Table 2 Inter-process messages

5.2 Message Queuing with RabbitMQ

Message Queuing Telemetry Transport (MQTT) and Advanced Message Queuing Protocol (AMQP) are open-source protocols used for asynchronous messaging. Both are binary protocols and work on top of TCP/IP. They allow messages between applications irrespective of underlying software stack and is widely deployed for IoT services. MQTT is more light-weight and generally deployed in embedded systems, whereas AMQP is a more complete message protocol that is often used in larger systems and originates from the banking industry. For applications and small edge devices operating on minimum bandwidth, MQTT would likely be a preferable starting point, although security requirements, network reliability and scale might impact choice of protocol. Although MQTT and AMQP are common within IoT, they are still less commonly used in industrial control environments.

For the Tucana project at RTE, the choice to use RabbitMQ as message broker and AMQP over SSL is a prerequisite. It serves as a flexible solution that is both scalable and modular. The connectivity service is implemented as middleware and the design in large follows the strategy laid out by [4]. The design aims at separating protocol handling and control logic so that they can be independently deployed. For this purpose, we chose to implement the message queuing using Pika. Pika is a pure-Python client implementation of the AMQP 0-9-1 protocol for RabbitMQ. Several other Python libraries are similarly easy to use, for example Paho, however not as straight forward combined with RabbitMQ. Since RabbitMQ has an MQTT plugin that transparently translates between MQTT and AMQP, the Tucana project design depicts its message queuing client as MQTT.

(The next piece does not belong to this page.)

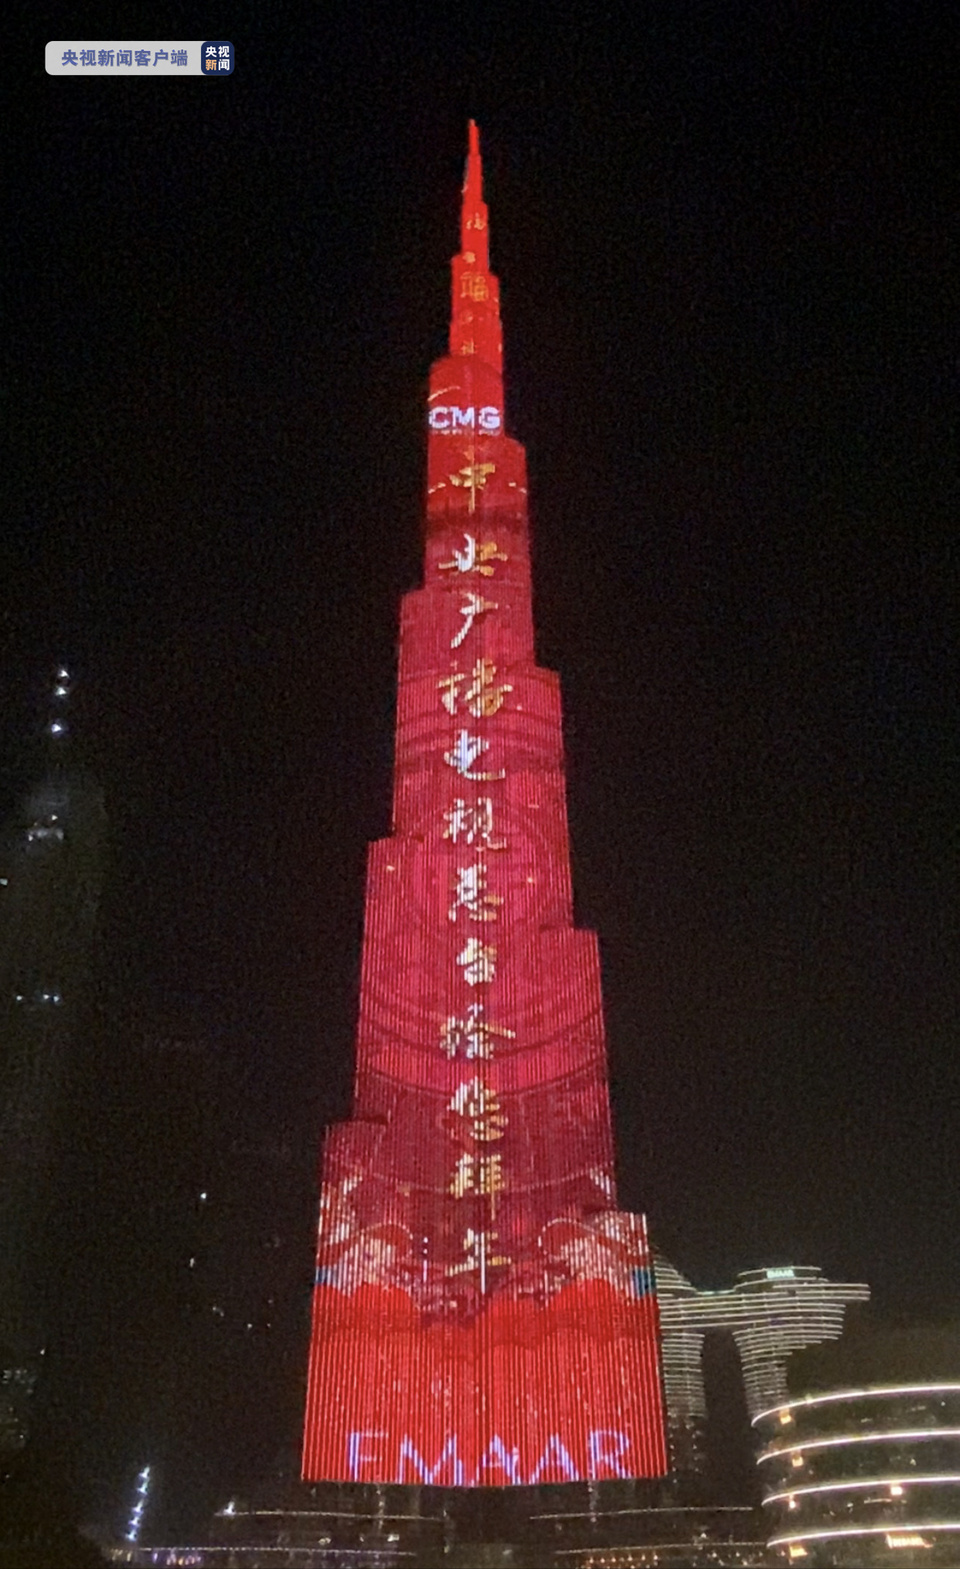 迎冬奥庆新春 总台“一起向未来”主题灯光秀惊艳亮相世界最高塔

The Pika implementation is made as simple as possible. It creates a channel connection and starts to consume messages from a queue dedicated to Tucana messaging. The channel.basic_consume method binds messages for a specific consumer tag to a callback. The consumer tag is automatically created should a specific tag not be declared. If there is a message with this tag in the Tucana queue, all subscribers will be notified. On message, the callback handles the AMQP message and forwards its payload in an inter-process message to the controller, as described in Figs. 3 and 4. For a list of all inter-process messages, see Table 2. In order to remove the AMQP message from the queue, the client finishes by sending a channel basic_ack. For sample code of message queuing using the Pika client, see Appendix B.

Fig. 3
An illustration depicts the system messaging stage 1. It consists of M Q T T domain, consumer, analyzer, identity, publish, communication controller, influx D b client, M S G analyze, alarm status, and identity.

Stage 1 system messaging

Fig. 4
An illustration depicts the system messaging stage 2. It consists of M Q T T domain, subscribe, M Q T T consumer, analyzer, identity, body, publish, communication controller, M S G analyze, alarm status, and communication platform.

Stage 2 system messaging

5.3 Inter-Process Messaging

In design stage 1, vessel data is fetched from the time series database with an interval of 20 s. In stage 2, subscriptions to live data is setup through the MQTT broker and the interval for performing an analysis is configurable. The data is routed to the analyzer through the controller. The analyzer always starts an analysis by checking that all sensor values pass basic rules and thresholds. After this initial sequence, it invokes the ML model in order to classify the present status of the marine vessel’s onboard systems. Should the model predict a state of needed maintenance, an MQTT status message is published to a dedicated queue. Any other software with the adequate credentials, within or without the Tucana project, can subscribe to such messages. MQTT publishing is handled directly by the controller. Please note that for a larger project, a dedicated MQTT publisher might be a preferable option. For an overview of all inter-process messaging, see Figs. 3 and 4.

6 Data Extraction

This section discusses data and data extraction. These are central topics to any embedded software project that aim to integrate ML methods. The rapid development of machine learning over the past decade and its applications within the industrial sector brings forth new questions of data, data extraction and data representation connected to this field.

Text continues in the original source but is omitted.